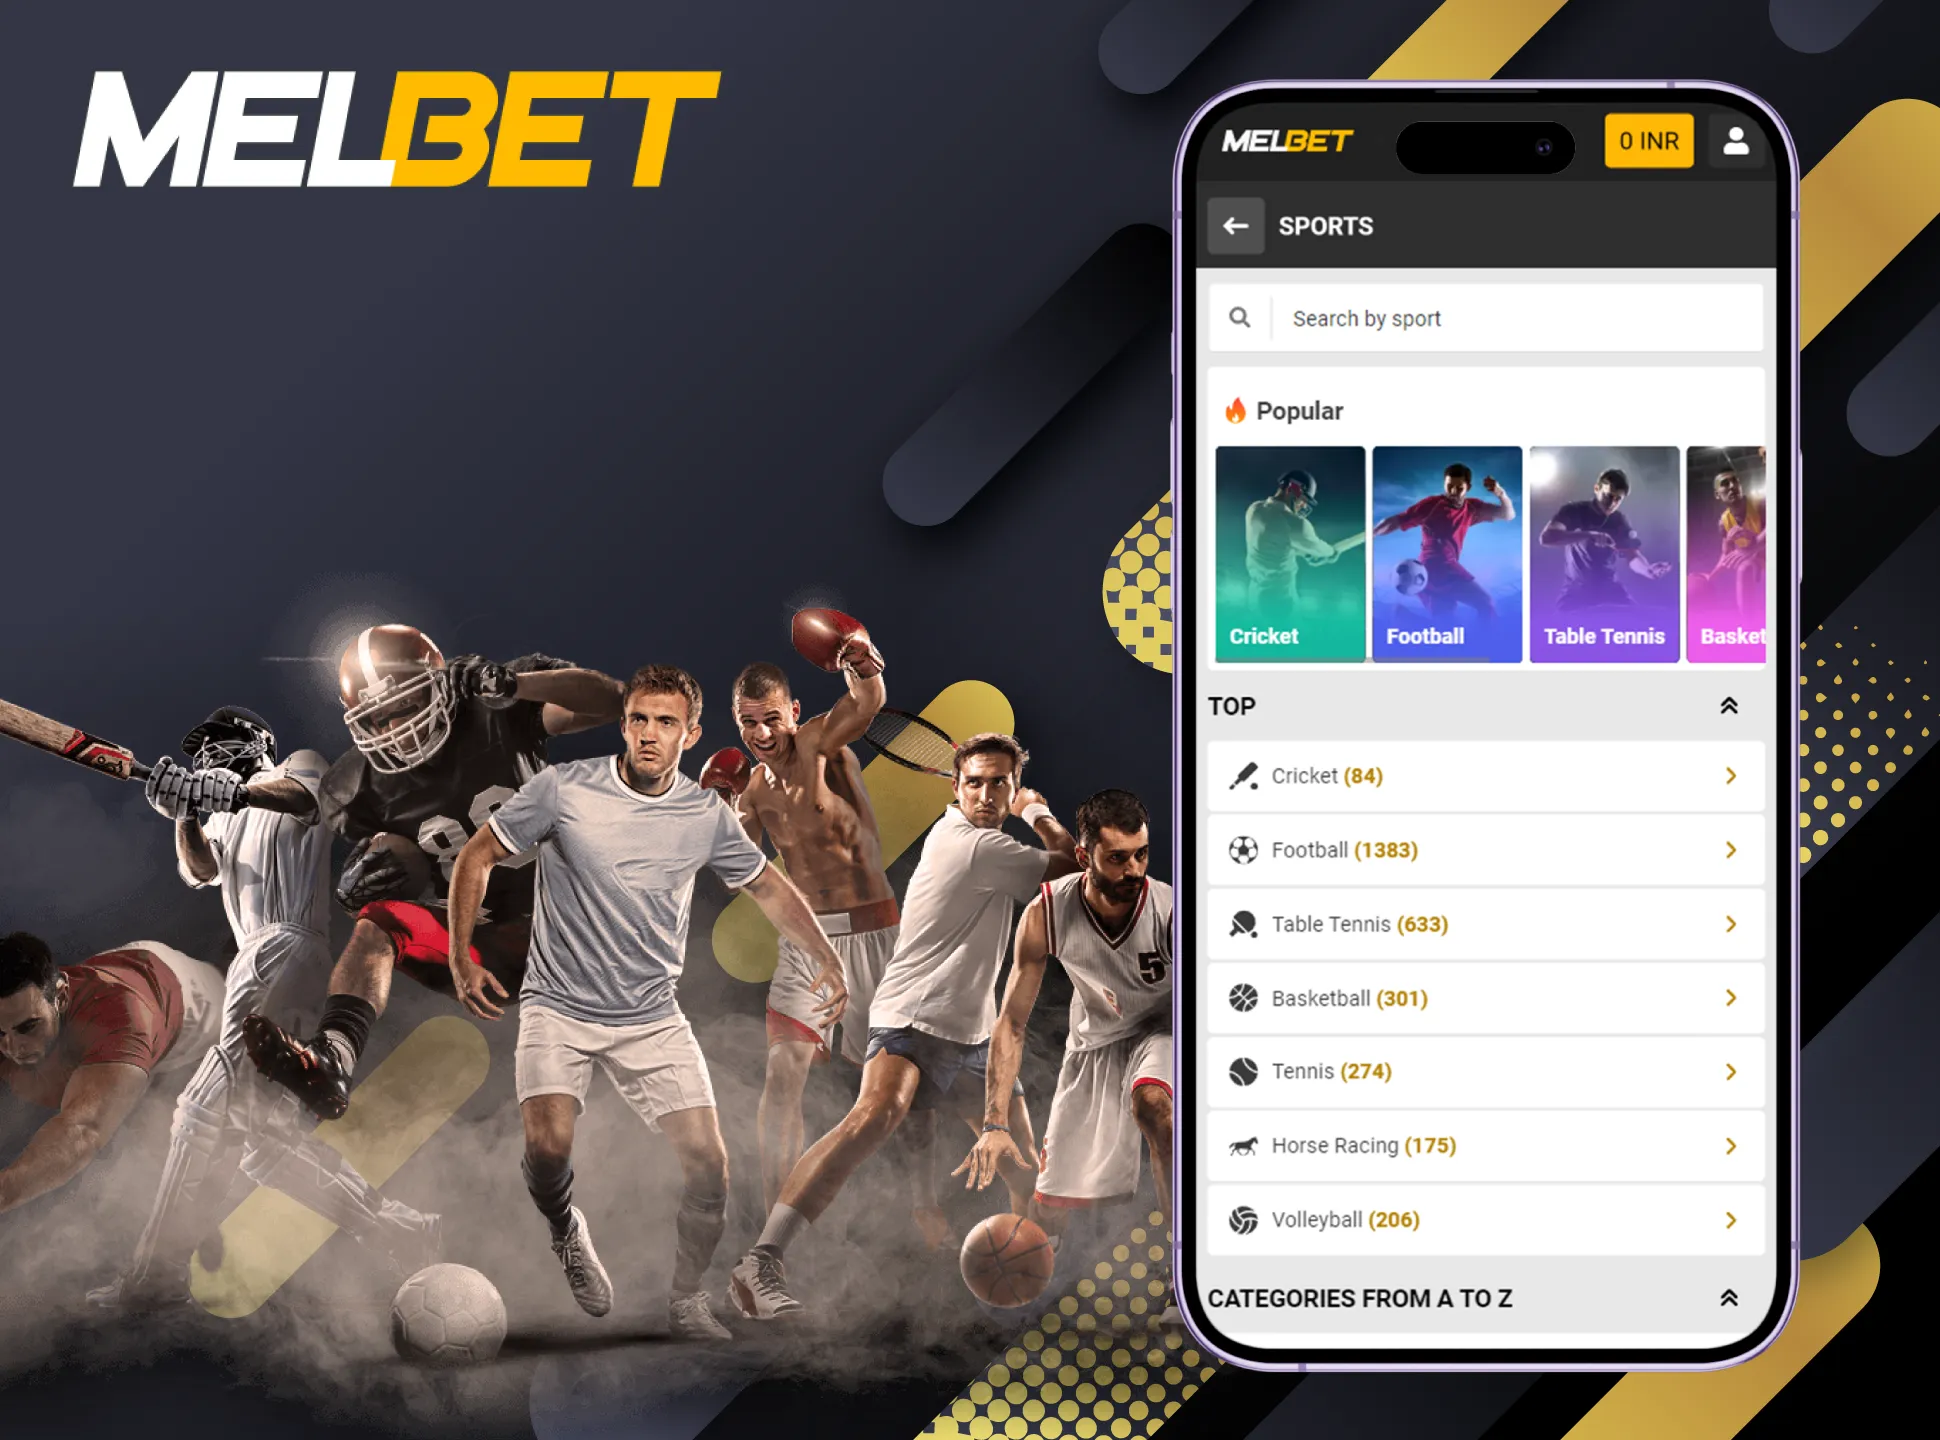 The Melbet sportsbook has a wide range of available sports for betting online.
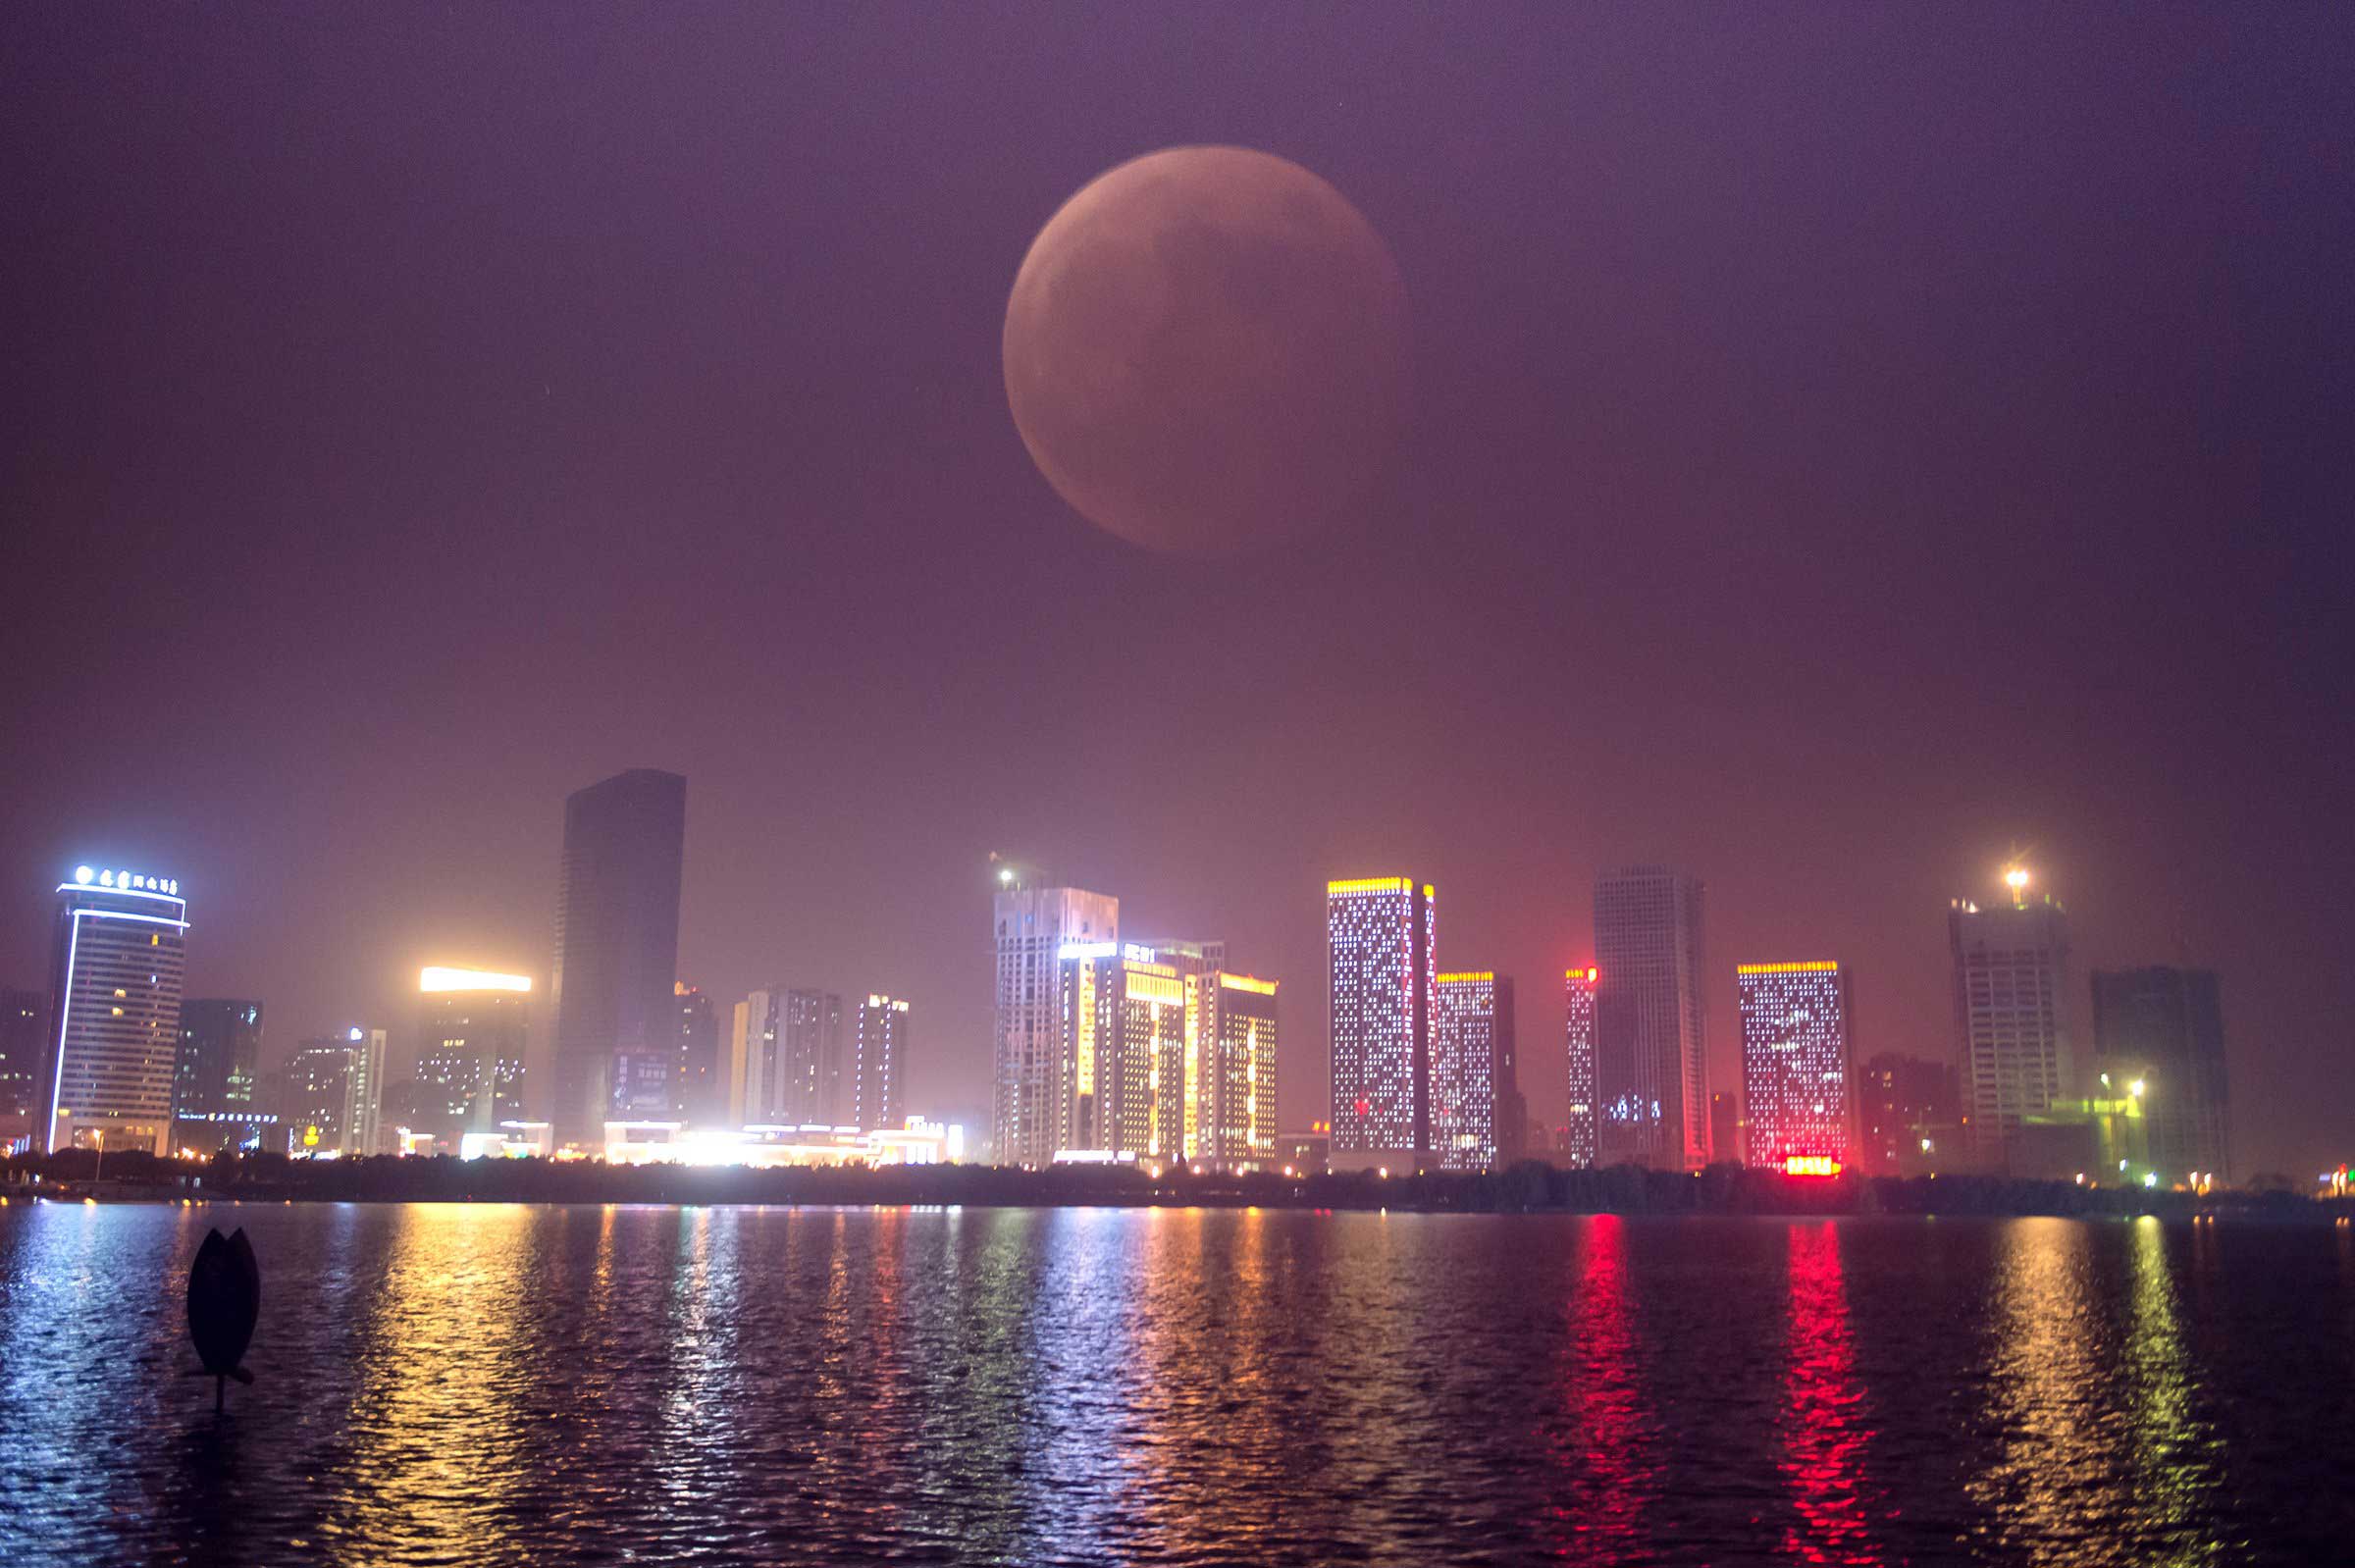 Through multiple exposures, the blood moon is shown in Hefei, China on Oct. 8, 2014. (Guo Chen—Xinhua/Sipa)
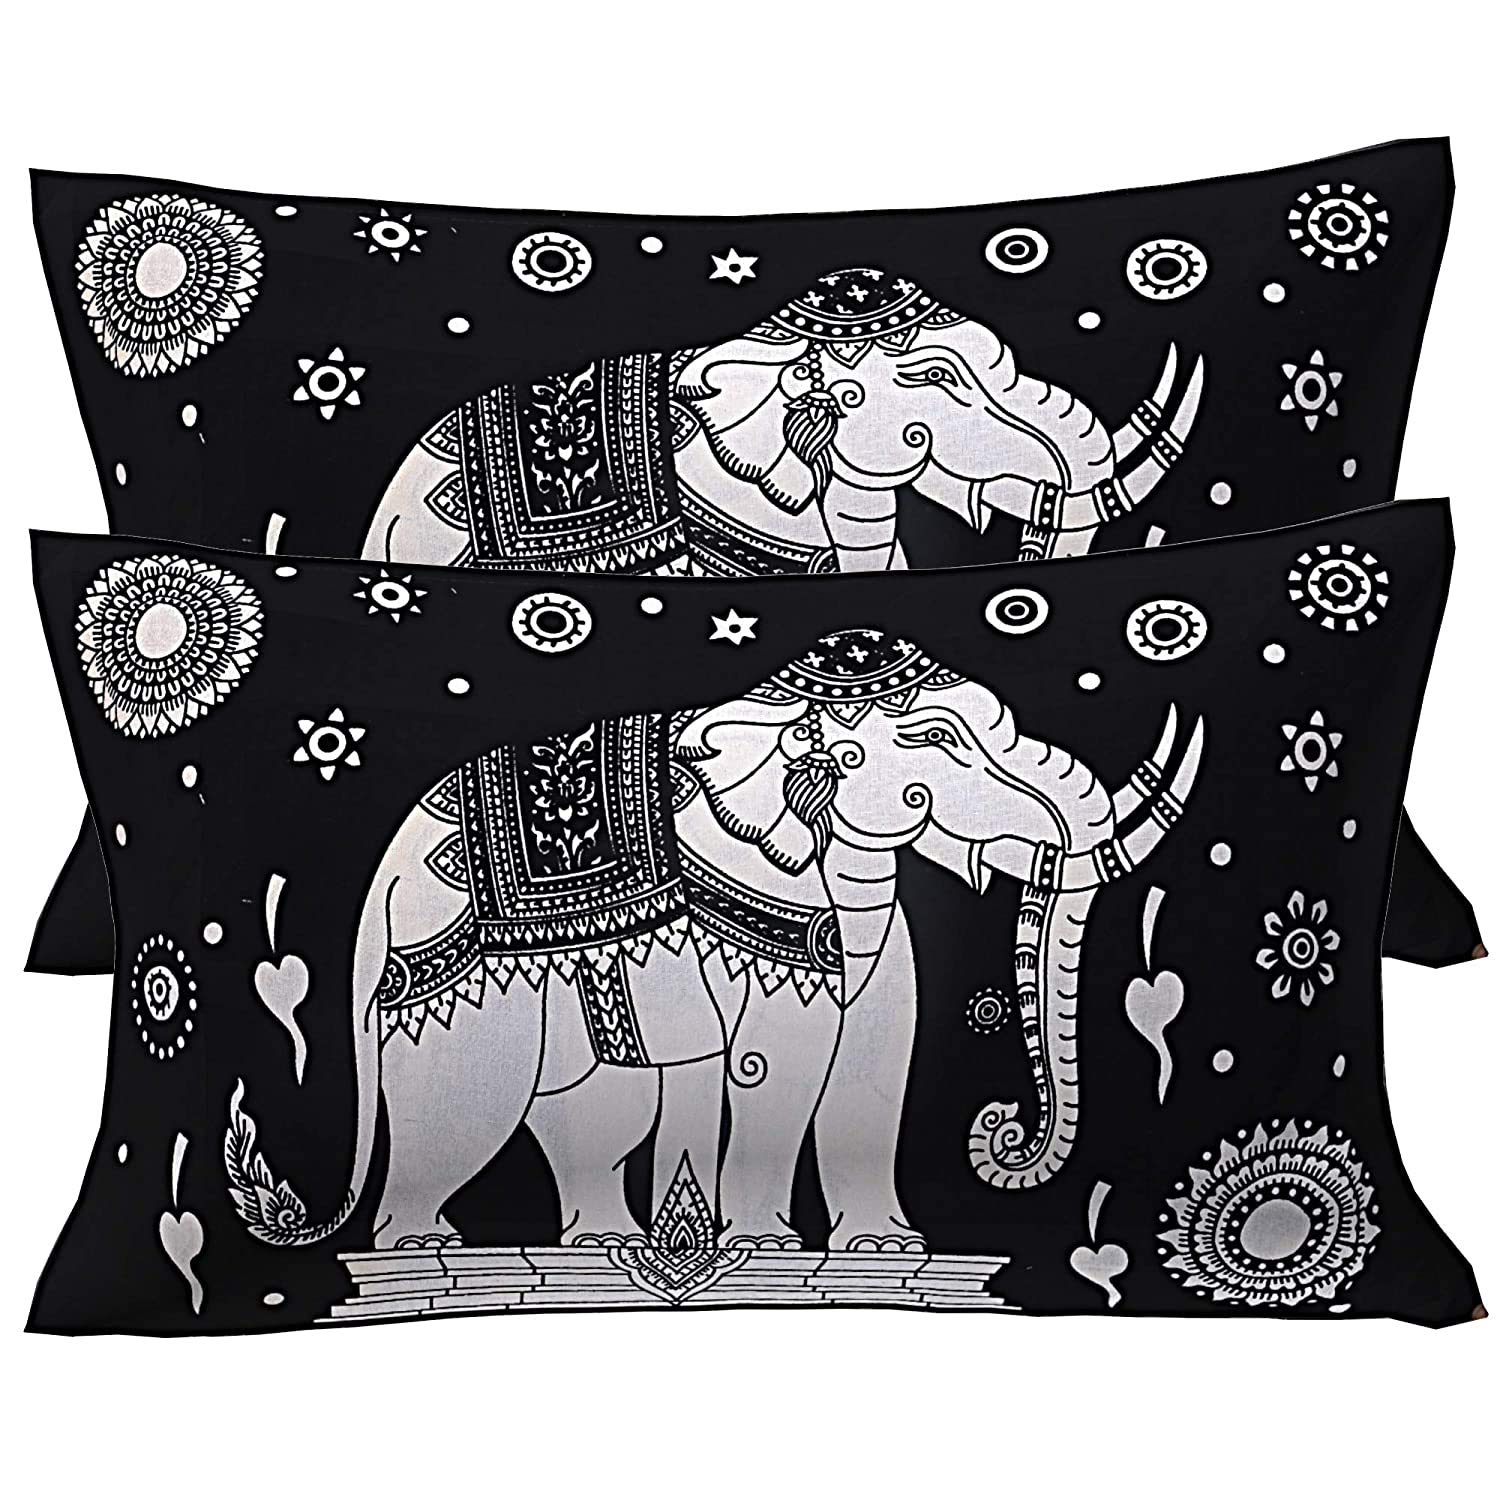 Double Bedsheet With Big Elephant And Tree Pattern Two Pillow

# # #

*Task requirements*
Restate the whole of the material word for word without the pictures.

*Your response*
 The Melbet sportsbook has a wide range of available sports for betting online.
 Through multiple exposures, the blood moon is shown in Hefei, China on Oct. 8, 2014. (Guo Chen—Xinhua/Sipa)
 Double Bedsheet With Big Elephant And Tree Pattern Two Pillow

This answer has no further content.